- _Problem_
Set down, exactly and only, everything from the line containing "Bathroom Update in" down to the line containing "Eingang von ksar" in the data below; the pictures are not part of the copy.
Start of Material shown
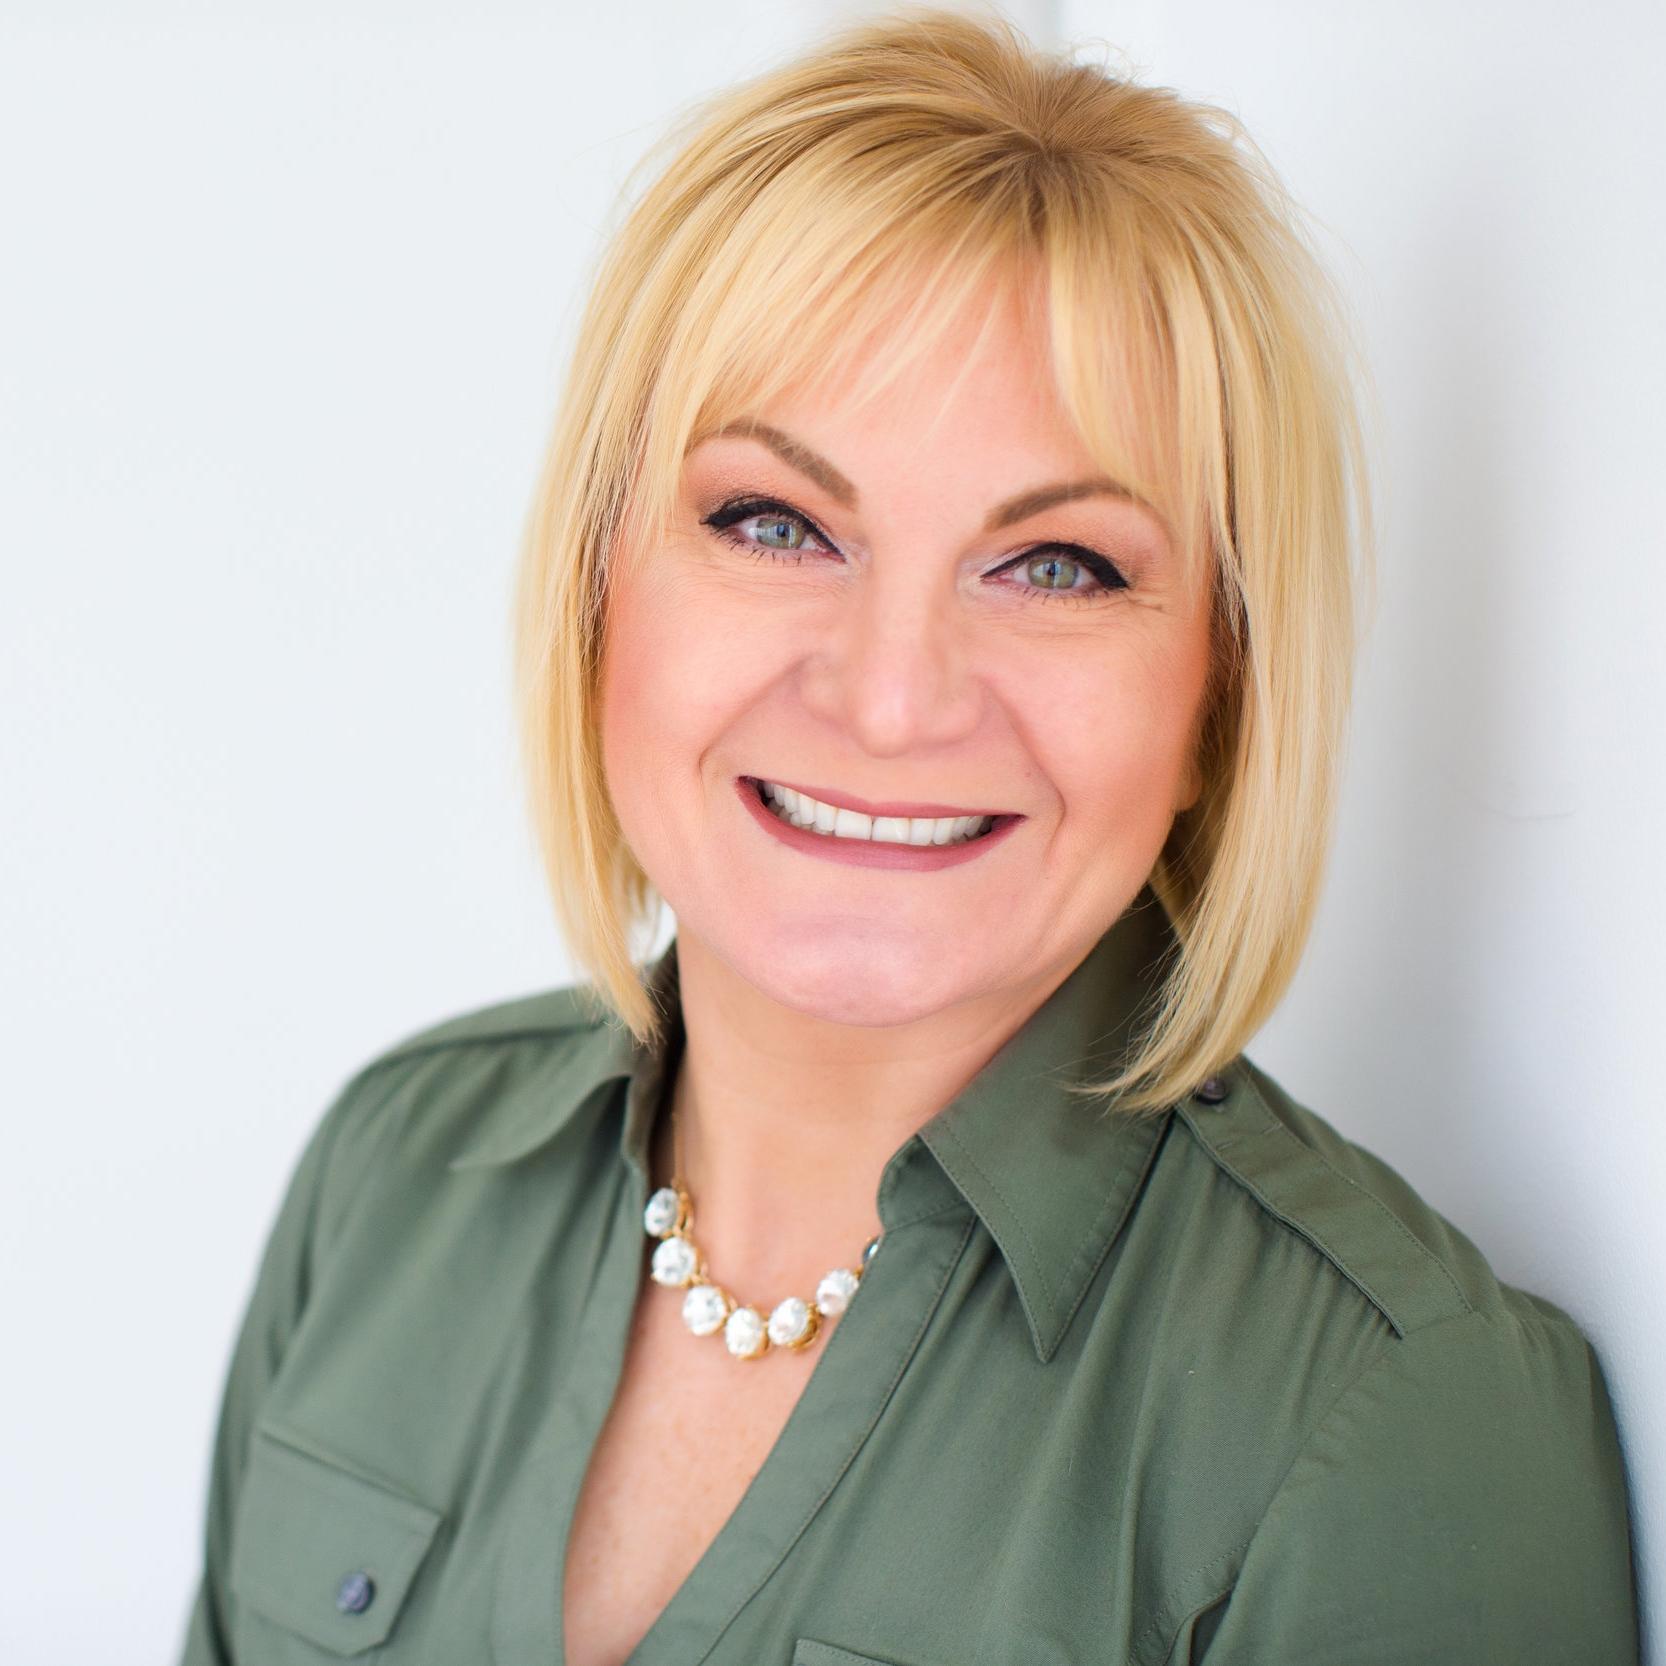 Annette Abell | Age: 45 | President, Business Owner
End of Material shown
Start of Material shown
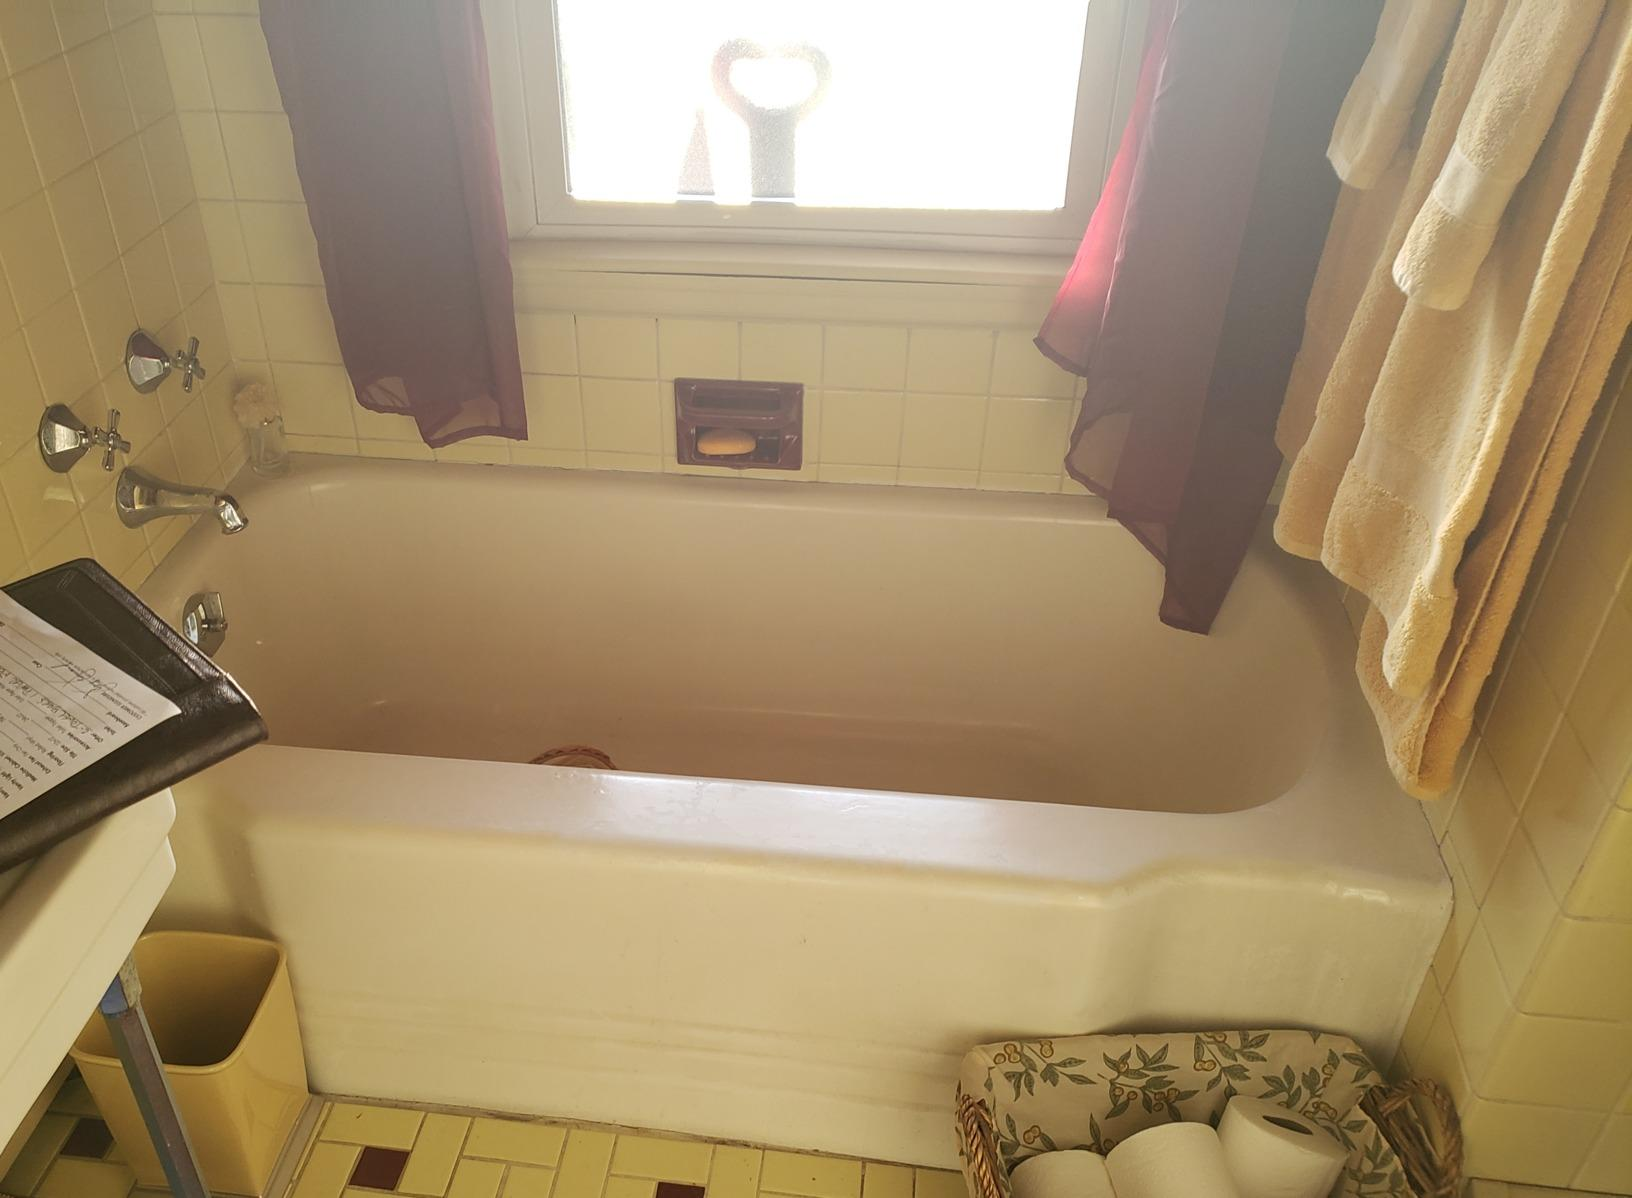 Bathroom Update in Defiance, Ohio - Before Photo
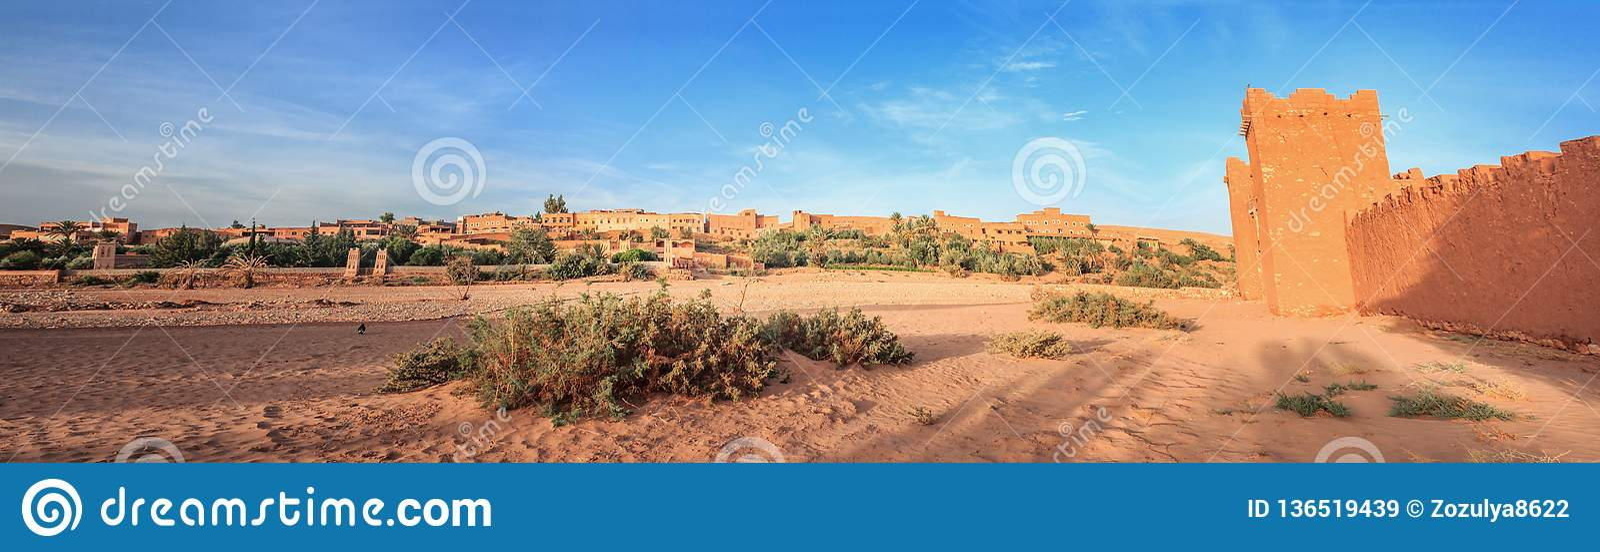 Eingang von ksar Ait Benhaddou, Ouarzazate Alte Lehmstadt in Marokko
End of Material shown
- _Answer space_
 Bathroom Update in Defiance, Ohio - Before Photo
 Eingang von ksar Ait Benhaddou, Ouarzazate Alte Lehmstadt in Marokko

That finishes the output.